Senior Judge of the United States District Court for the District of Minnesota
- Incumbent
- Assumed office October 31, 2016

Judge of the United States District Court for the District of Minnesota
- In office October 22, 1998 – October 31, 2016
- Appointed by: Bill Clinton
- Preceded by: David S. Doty
- Succeeded by: Eric C. Tostrud

Personal details
- Born: 1951 (age 74–75) Rochester, Minnesota, U.S.
- Education: Luther College (BA) Hamline University (JD)

= Donovan W. Frank =

American judge (born 1951)

Donovan Wayne Frank (born 1951) is a senior United States district judge of the United States District Court for the District of Minnesota.

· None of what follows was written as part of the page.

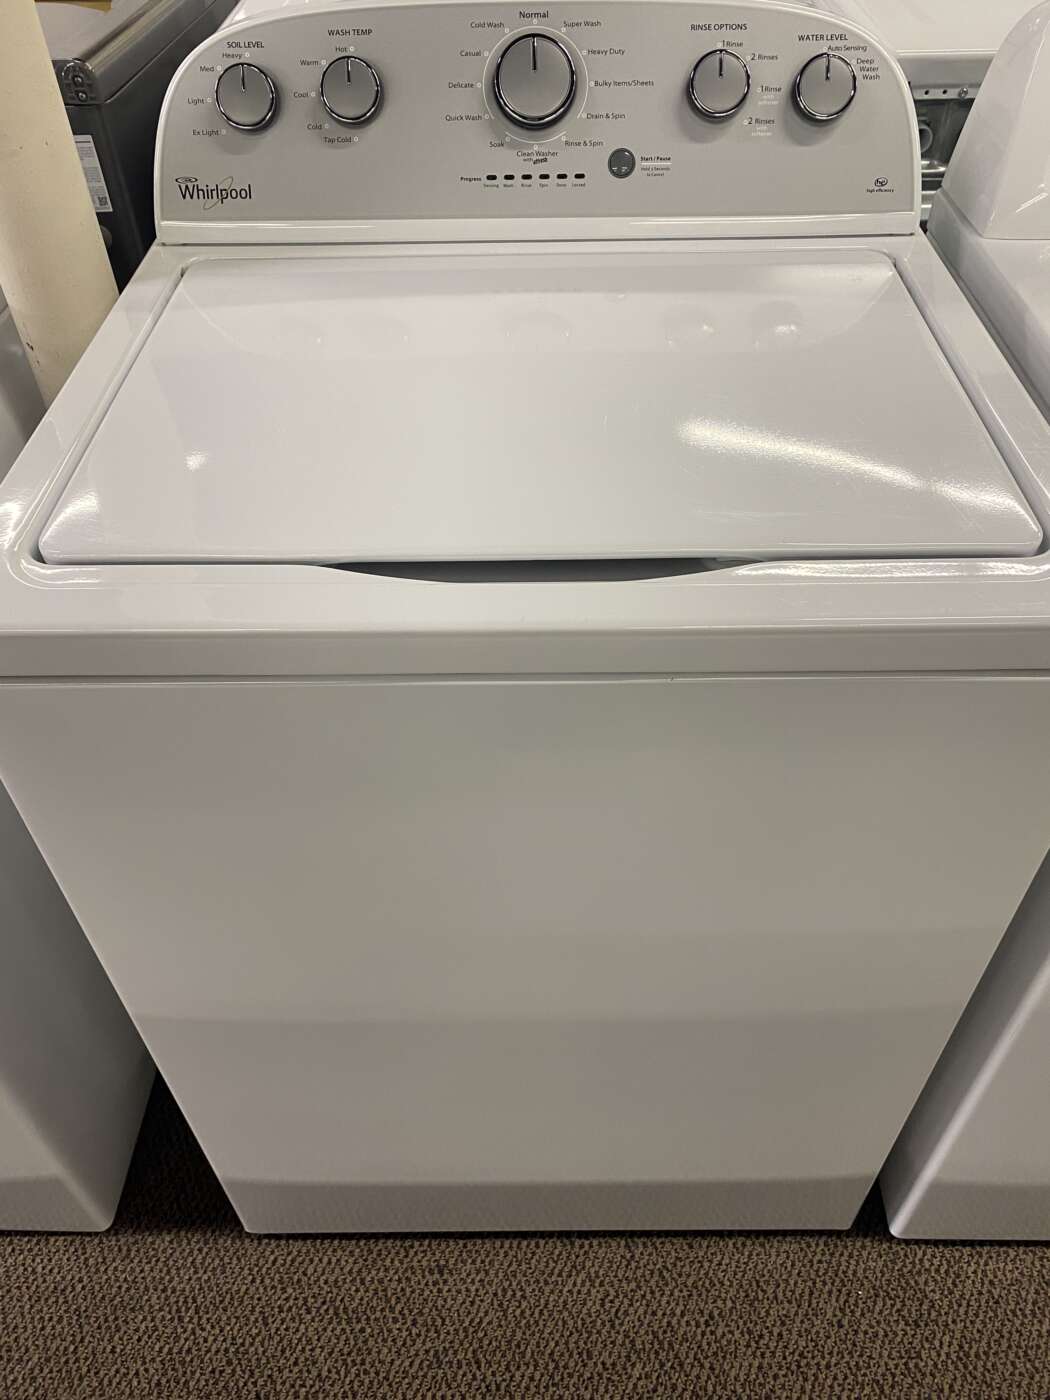 Reconditioned WHIRLPOOL 4.3 Cu. Ft. H/E Top Load Washer

== Early life and education ==

Frank was born in Rochester, Minnesota. He received a Bachelor of Arts degree in 1973 from Luther College in Decorah, Iowa, and a Juris Doctor degree in 1977 from the Hamline University School of Law in Saint Paul, Minnesota.

==Career==

Frank began his legal career as an assistant county attorney in St. Louis County, Minnesota. In 1985, he was appointed a state district court judge in Minnesota's Sixth Judicial District. Frank served as an assistant chief judge of that court from 1988 to 1991. He was Chief Judge from 1991 to 1996.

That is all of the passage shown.